Learning to Bet: Reinforcement Learning for Live Wagering in Major League Baseball
This project investigates how reinforcement learning (RL) algorithms can optimize betting strategies in Major League Baseball (MLB) live wagering. Traditional sports betting models focus on pre-game predictions, but live betting introduces unique complexities—and opportunities—by allowing dynamic, strategic decision-making throughout a game.
Using historical MLB play-by-play data spanning 25 years (2000–2024) and bookmaker odds from recent seasons, the team created a realistic environment simulating the sequential decision-making process faced by bettors. Due to sparse historical odds data, they built an ensemble regression model (combining XGBoost, LightGBM, and Random Forest) to predict missing live odds with high accuracy (MAE = 0.04).
They evaluated four prominent RL algorithms—A2C, PPO, TRPO, and DSAC—under different behavioral variants and reward shaping conditions.
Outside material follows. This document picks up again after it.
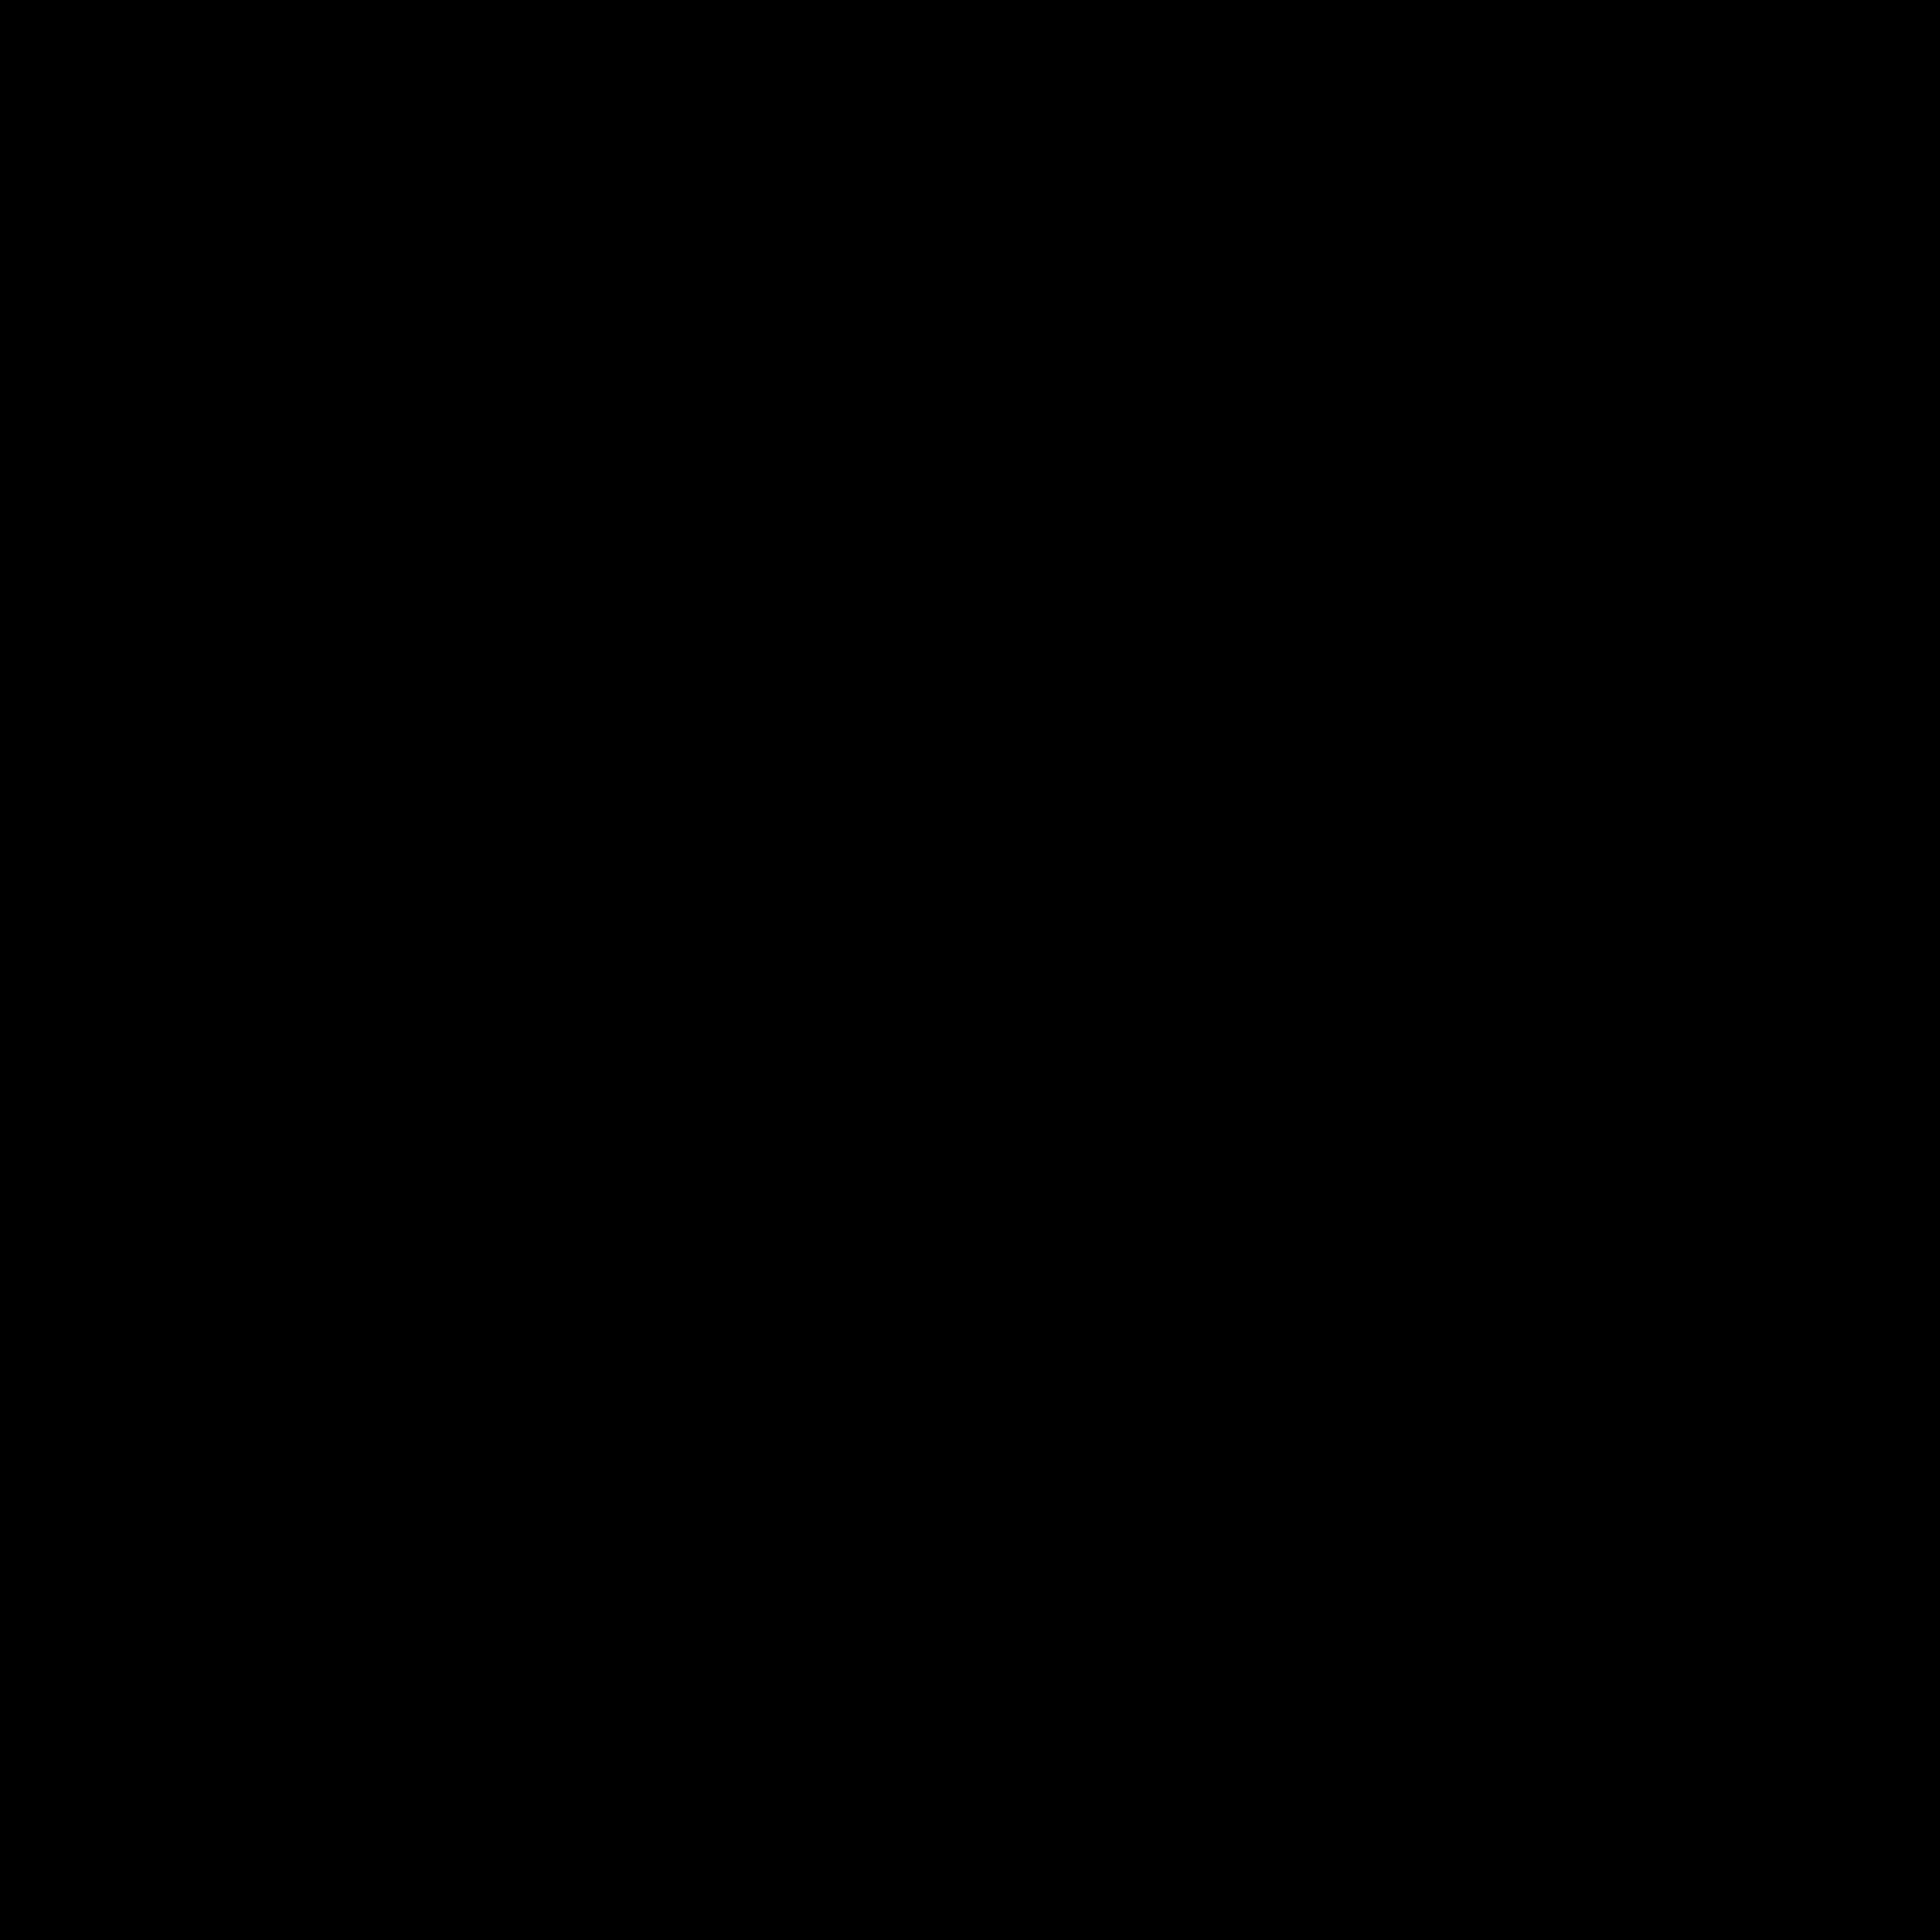 Leadership is having a plan.

PPO with reward shaping emerged as the standout model, achieving positive returns in simulation but facing challenges generalizing fully to real-world bookmaker odds.
The findings emphasize the potential—and limitations—of reinforcement learning in dynamic financial markets like sports betting, highlighting critical areas such as market inefficiencies and bookmaker advantages. Future work will focus on enhancing simulation realism and improving generalization to real-world scenarios.